Since May last year, GDPR has changed the calculus. Article 32 explicitly mandates the "ability to restore the availability and access to personal data in a timely manner."

If you are hosting critical user data on US-controlled servers, you are relying on the Privacy Shield framework. Given the invalidation of Safe Harbor a few years back, reliance on cross-border transfers remains legally shaky. The pragmatic move for Norwegian businesses is data sovereignty: keeping primary and secondary failover nodes within Norwegian borders or the EEA, governed by Norwegian law.

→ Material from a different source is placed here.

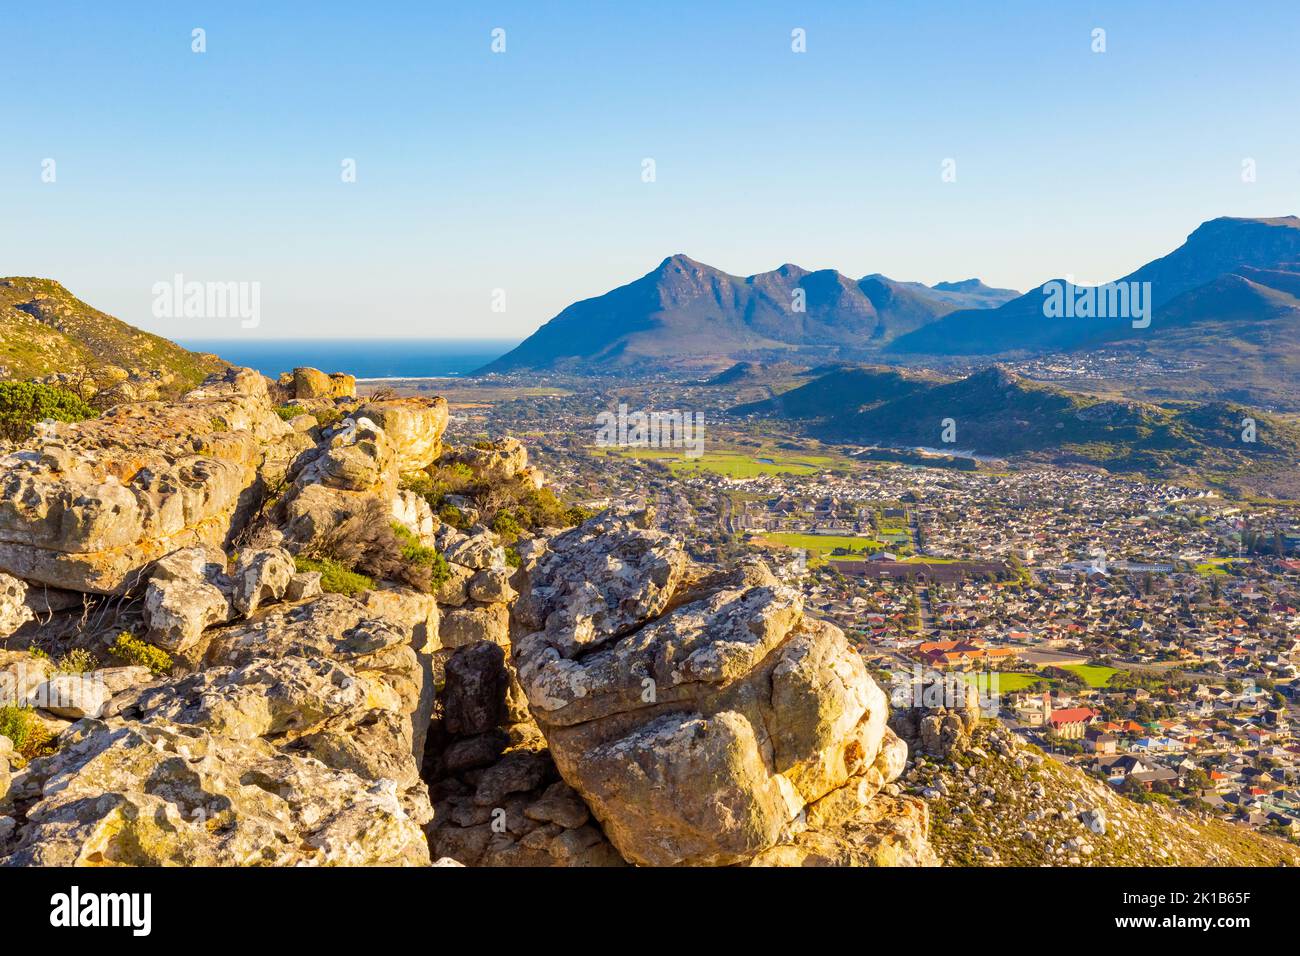 Fish Hoek residential neighborhood viewed from the top of local mountain range Stock Photo

The Technical Stack: RTO vs. RPO

You need to define two metrics before touching a terminal:

  • RPO (Recovery Point Objective): How much data can you lose? (e.g., 5 minutes).
  • RTO (Recovery Time Objective): How fast must you be back online? (e.g., 1 hour).

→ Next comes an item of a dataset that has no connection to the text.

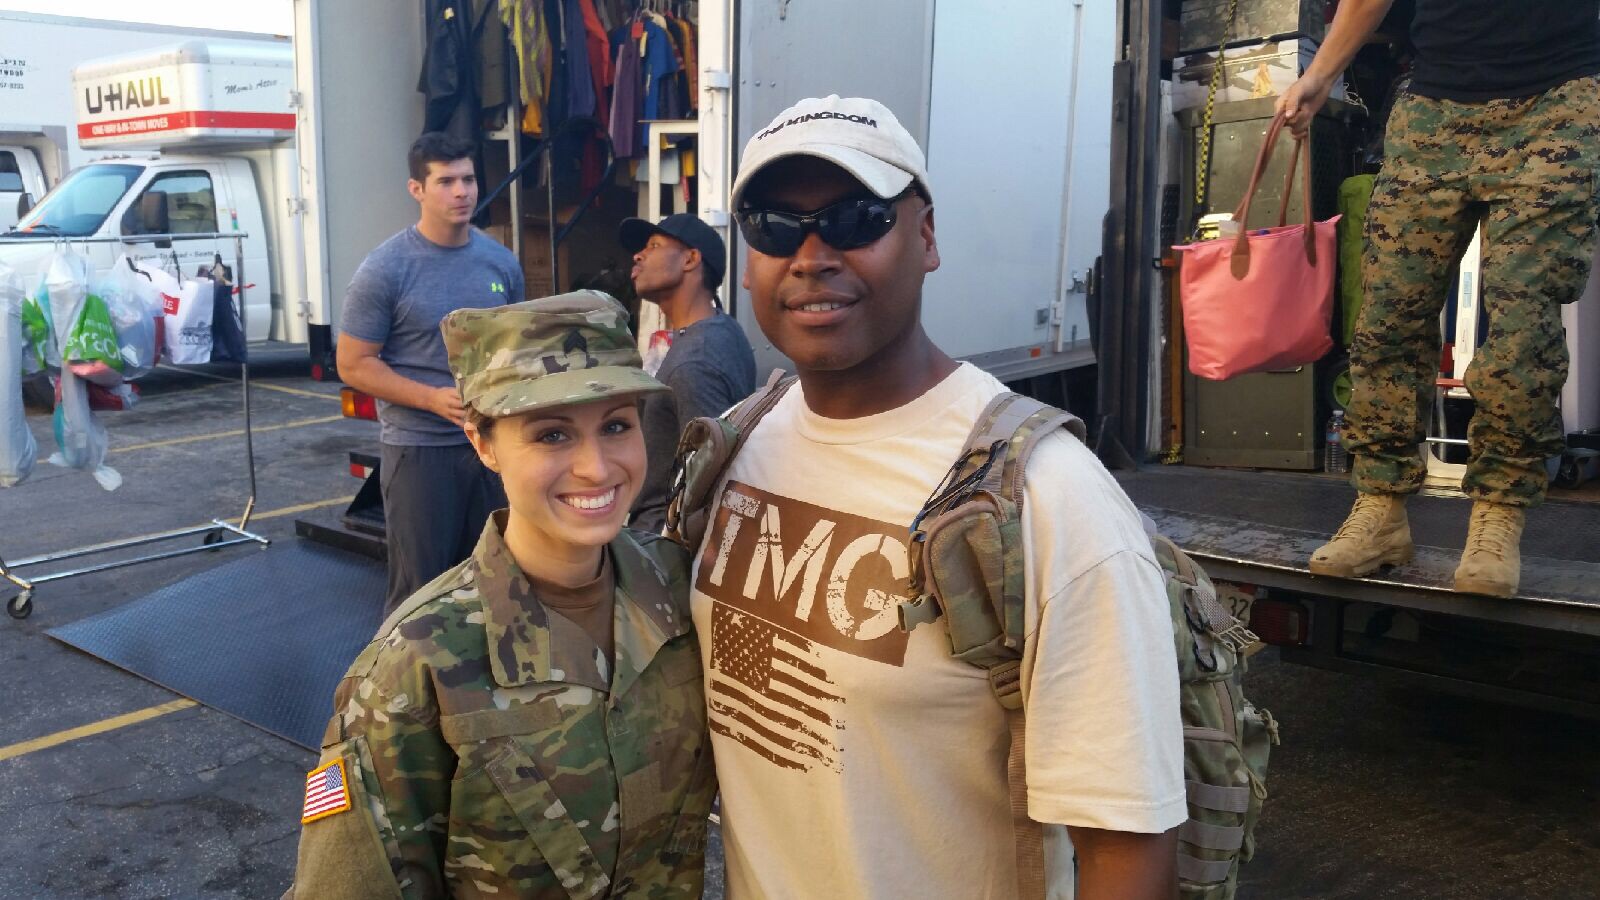 Behind the scenes of USAA national commercial as female soldier at the ATM

Achieving near-zero RPO requires real-time replication, not nightly tarballs.

1. Database Replication (The Heartbeat)

For a standard LAMP/LEMP stack on Ubuntu 18.04, relying on a nightly `mysqldump` is suicide for high-transaction sites. You need Master-Slave replication. If the Master melts, the Slave promotes.

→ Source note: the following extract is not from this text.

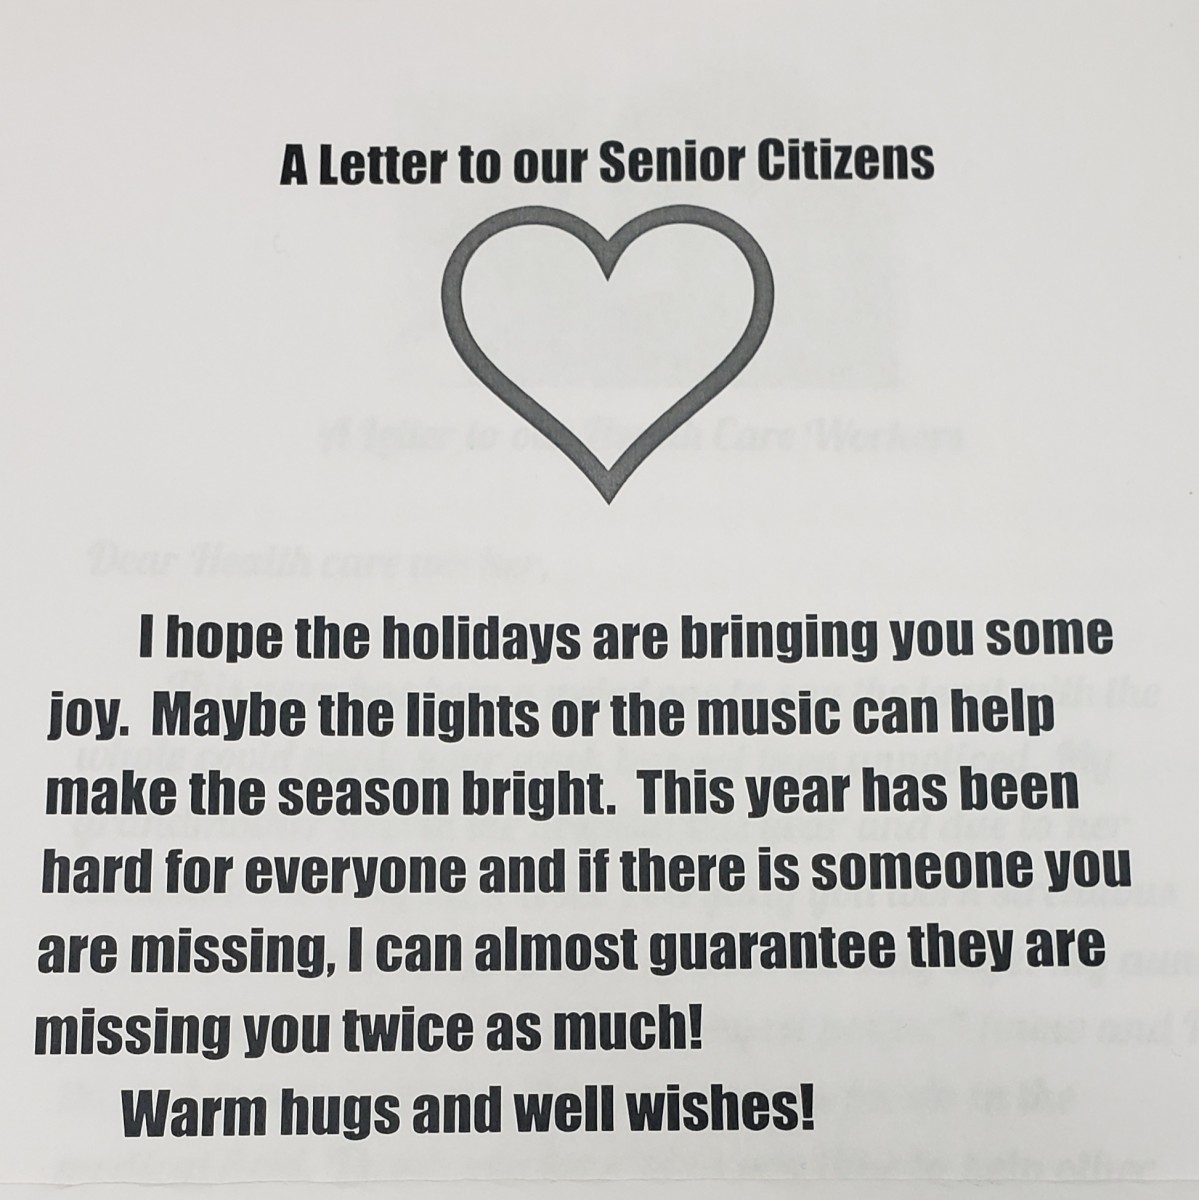 Letter to a senior citizen from an 8th grade scholar at Heritage Middle School.

In your `my.cnf`, ensure you are using GTID (Global Transaction Identifiers) for safer failover. Don't disable ACID compliance unless you like corruption.

[mysqld]
server-id = 1
log_bin = /var/log/mysql/mysql-bin.log
binlog_format = ROW
gtid_mode = ON
enforce_gtid_consistency = ON
# Safety first - this ensures data is written to disk
innodb_flush_log_at_trx_commit = 1
sync_binlog = 1

Pro Tip: On spinning rust (HDD), `sync_binlog=1` kills performance. On CoolVDS NVMe instances, the latency penalty is negligible, giving you data safety without the I/O wait.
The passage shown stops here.